Activity - Pictures aside, please retype the whole listing word for word.

Collected material -
★ ★ ★ ★ ★

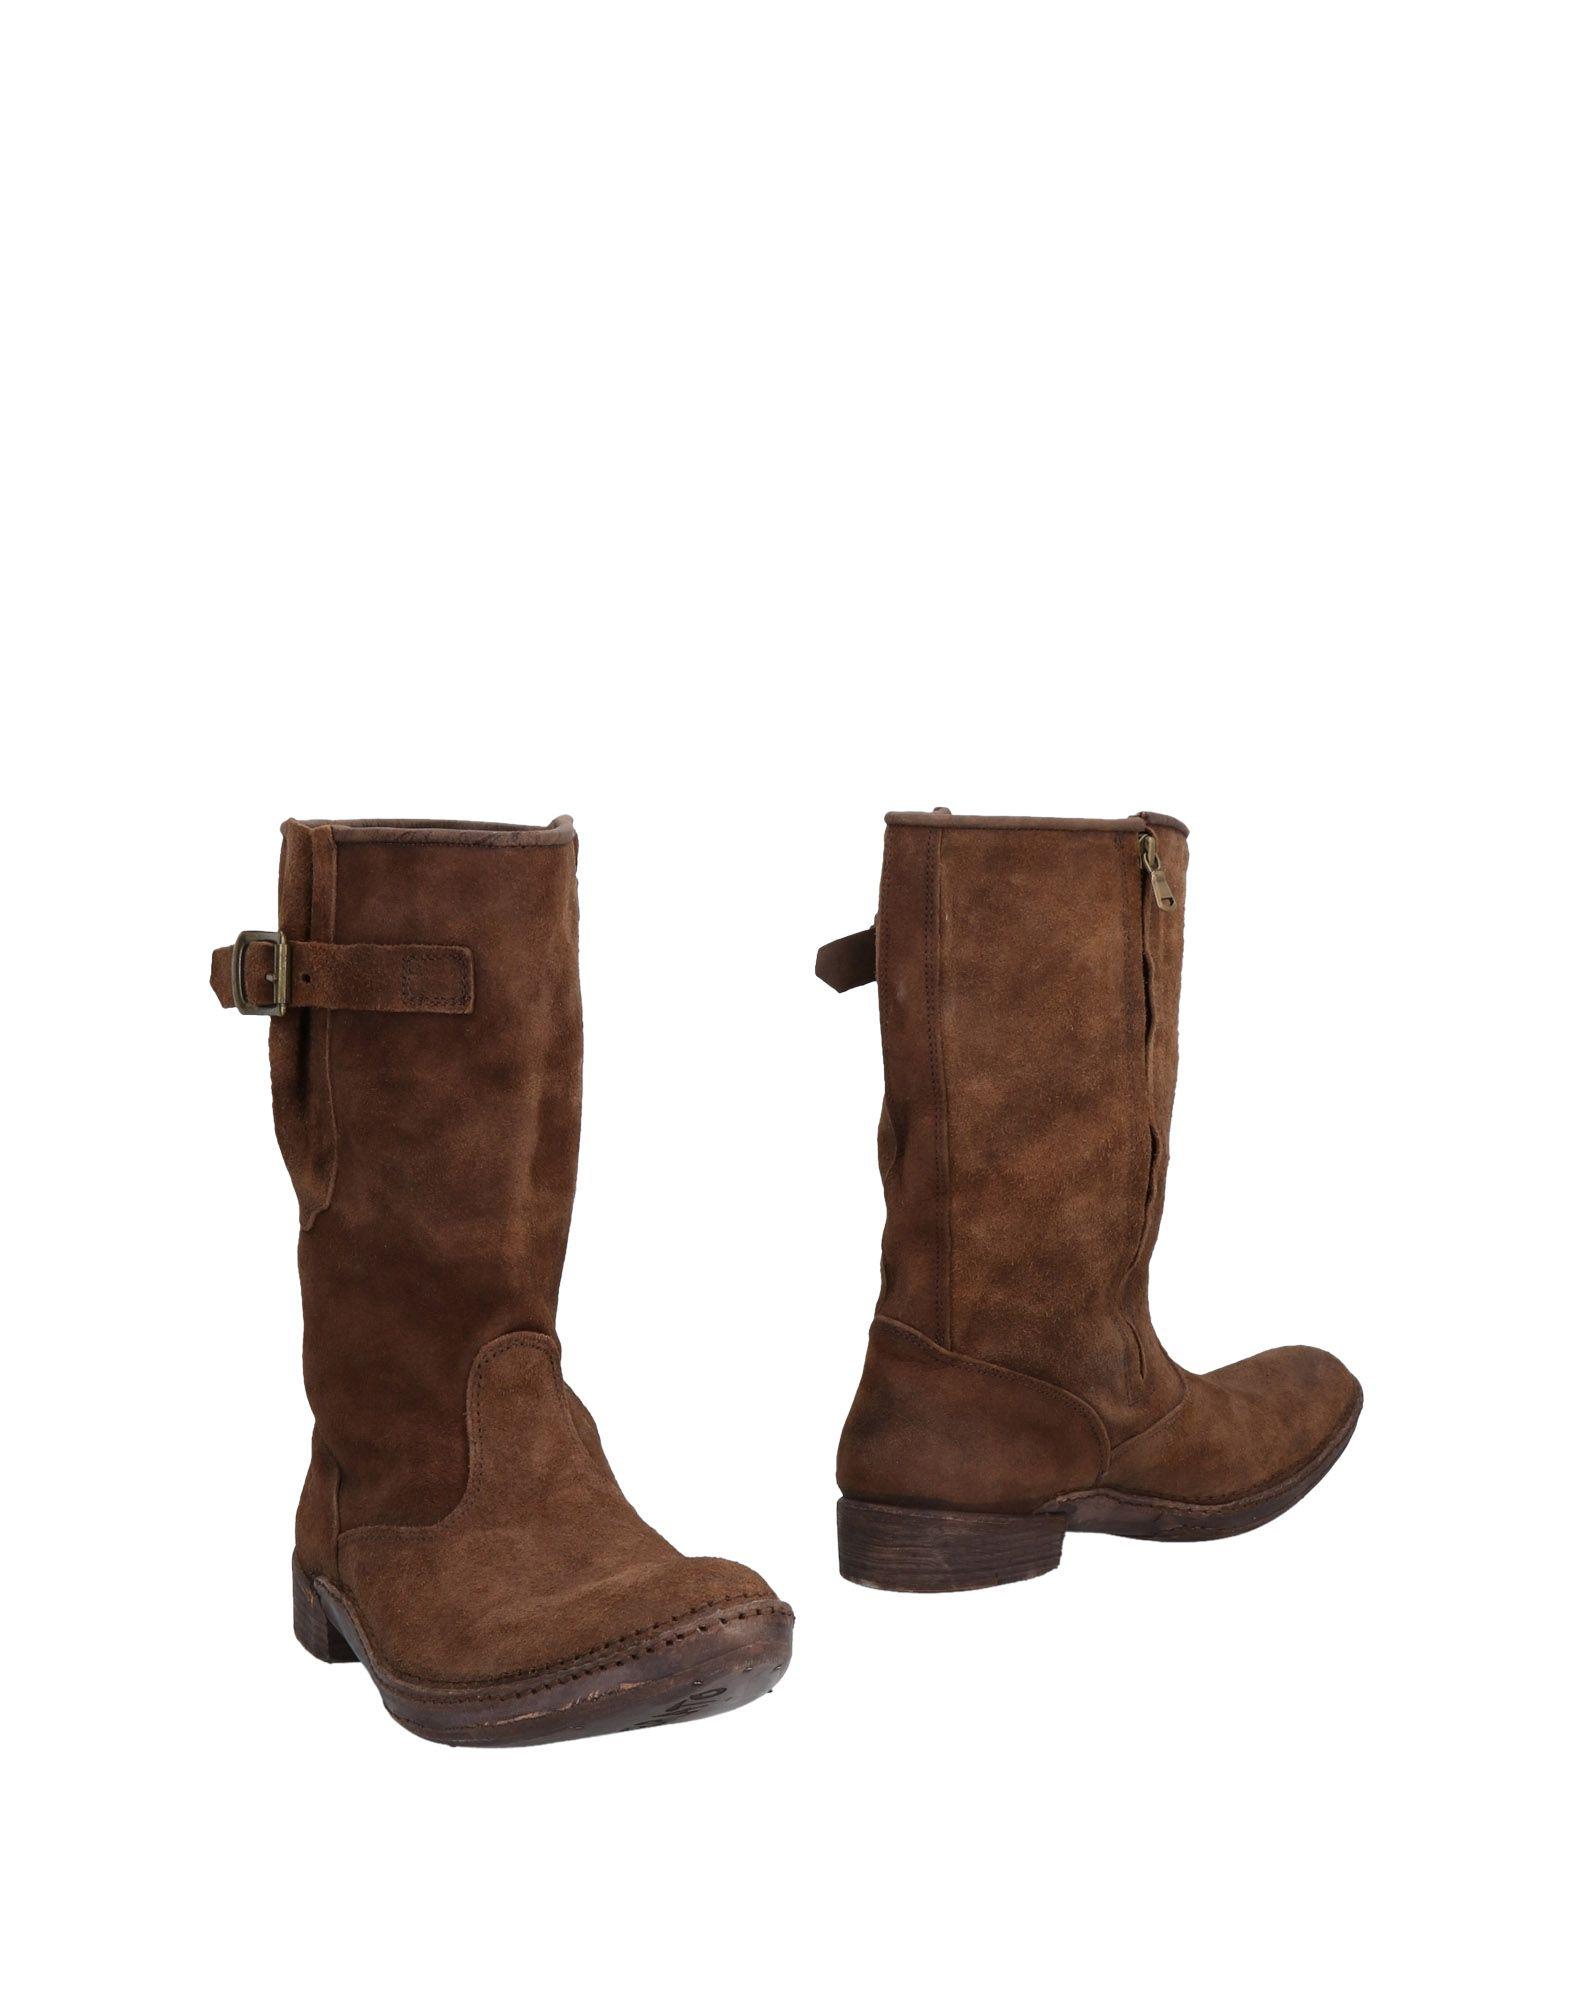 Giorgio Brato Stiefelette Qualität Herren  11461657HH Gute Qualität Stiefelette beliebte Schuhe 95ed99
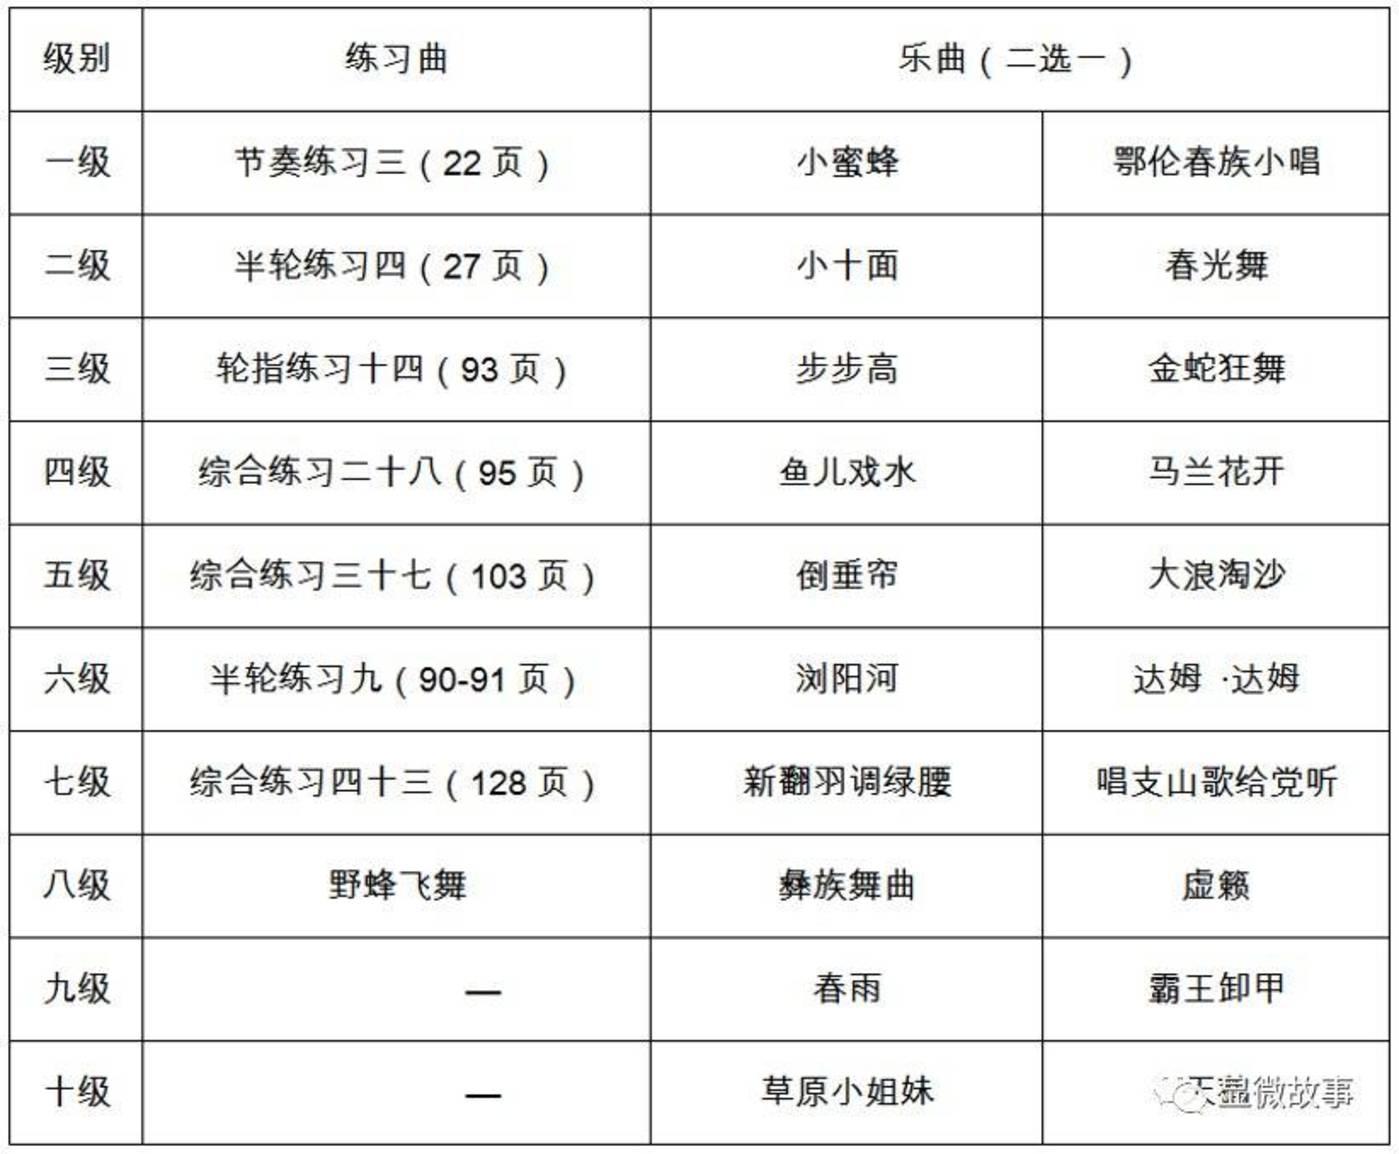 ▲琵琶考级曲谱节选
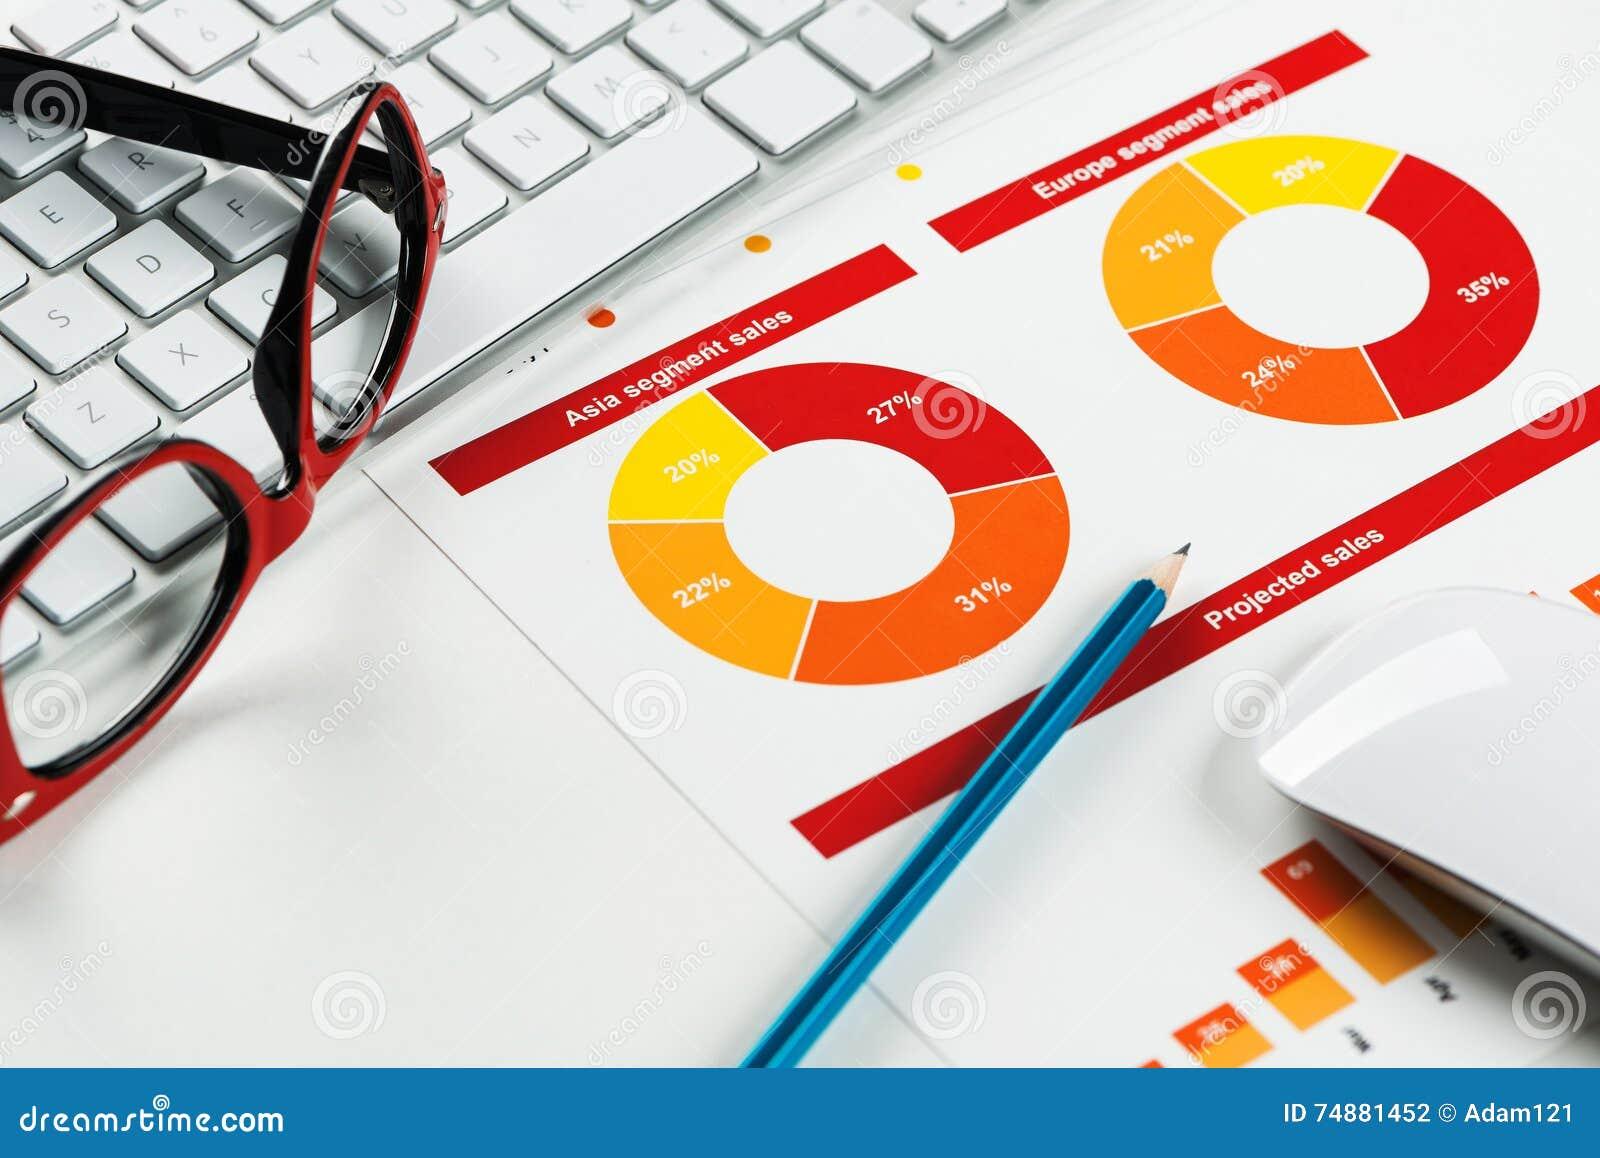 Preparando o relatório de vendas médio

★ ★ ★ ★ ★

Output of the exercise -
 Giorgio Brato Stiefelette Qualität Herren  11461657HH Gute Qualität Stiefelette beliebte Schuhe 95ed99
 ▲琵琶考级曲谱节选
 Preparando o relatório de vendas médio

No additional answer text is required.